Re engine ,shaft drive 50hp

I changed a 55hp VP for a Yanmar in 2007.
The fact that the exhaust needed a larger pipe and exited the engine to port instead of to starboard caused a lot of installation changes.
So did the lower prop-shaft axis position which ended in the adoption of a Python Drive and thrust bearing mountings.
The alternator position and type also added to the electrical installation issues.
After ten years use, the gearbox oil cooler developed a leak into the gearbox oil. An anti-syphon valve stuck closed and flooded the engine. The exhaust elbow eroded through and a valve spring broke.
On the lucky side , there was a brilliant diesel engineer in Portimao, who refurbished the Yanmar completely for a song.

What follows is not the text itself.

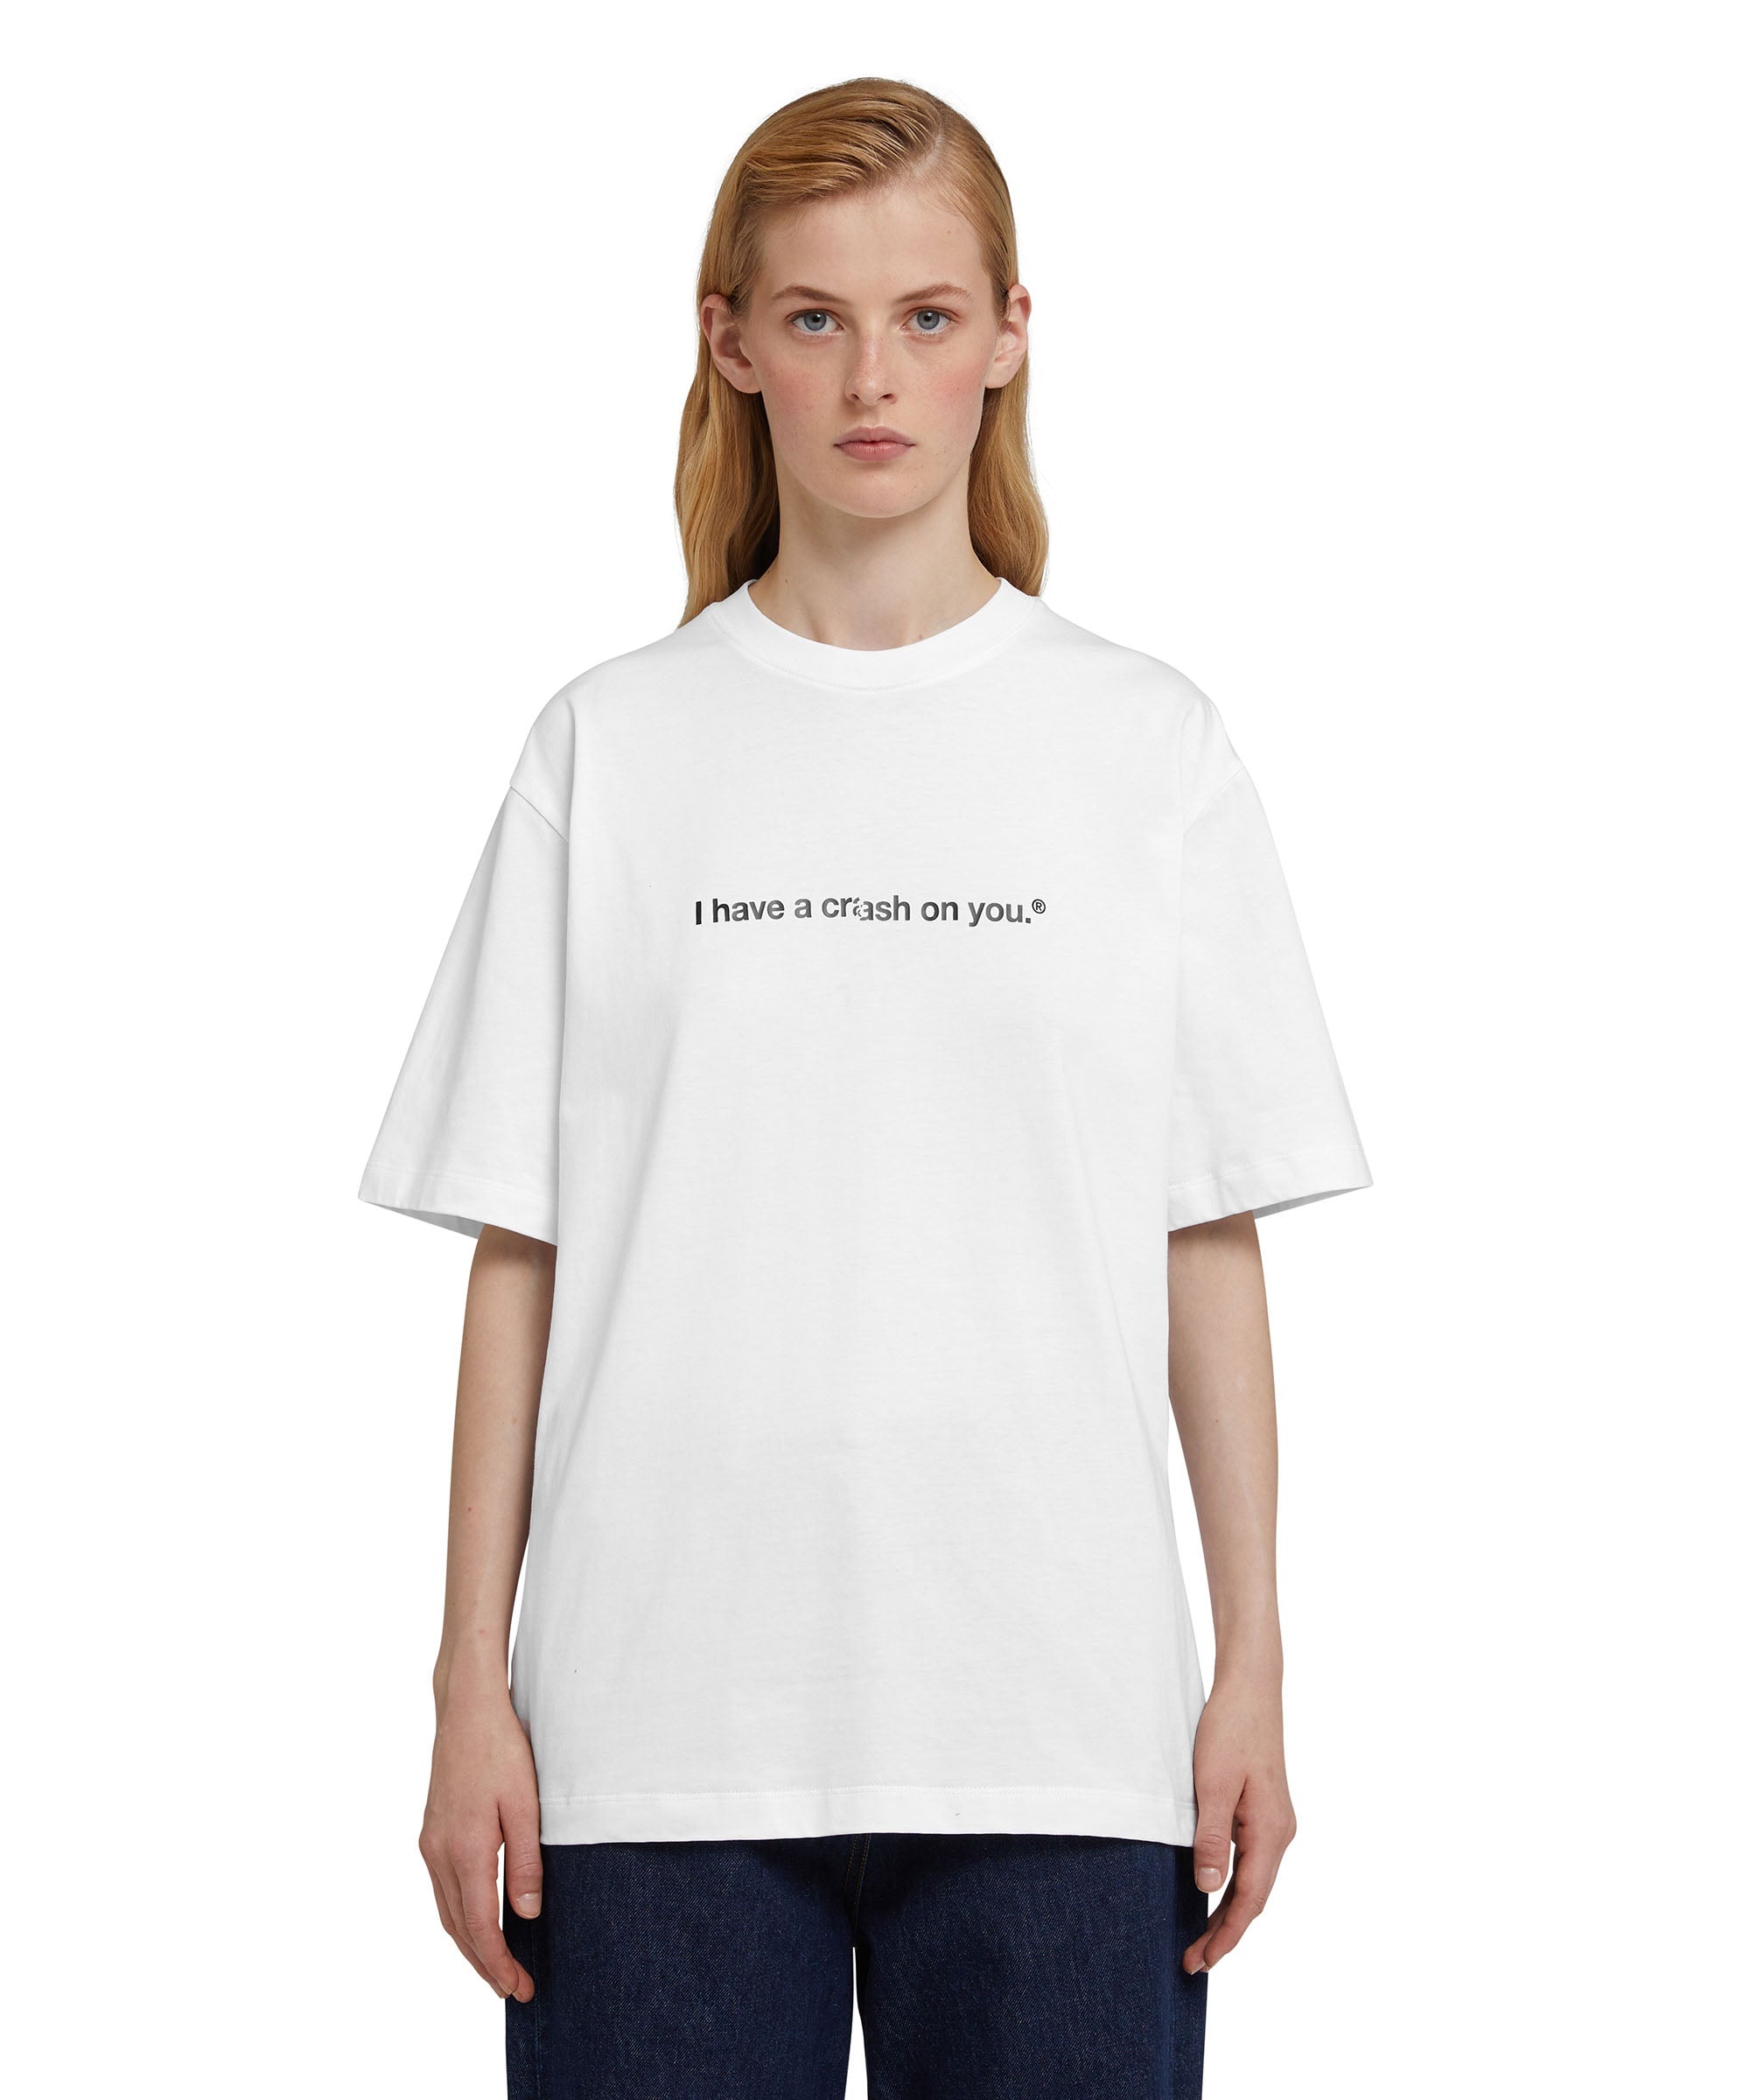 Cotton T-shirt with Crash quote - 6

In 2017, Yanmar were offering both mechanical and electronic control versions of their 55 HP engines. Apparently it was EU environmental rules driving the engines to electronic control.
 
Why not another Vetus? The M4 series would seem to fit the bill. Five years ago I found their price extremely competitive, the service excellent, and the Mitsubishi based diesel proved utterly reliable. What’s not to like?
 
Another plus for the Beta 50. Fitted by Rustler from new and I'm very happy with it and with Beta's service. Installed 2005, done more than 3000 hrs and barely run in! Additions to the basic engine which I recommend are a Racor primary filter upstream of the engine, and an electric fuel lift pump between the Racor filter and the engine. This last can be put in or not as I see fit, and its function is to allow me take fuel from a very deep tank about 90cm below the engine's lift pump.

The very similar (same Kubota base engine) Nanni, which is marinised in France rather than the UK, is probably an equally good engine, but has an appalling record for (lack of) customer support in the UK, and I've heard many complaints, some on this forum.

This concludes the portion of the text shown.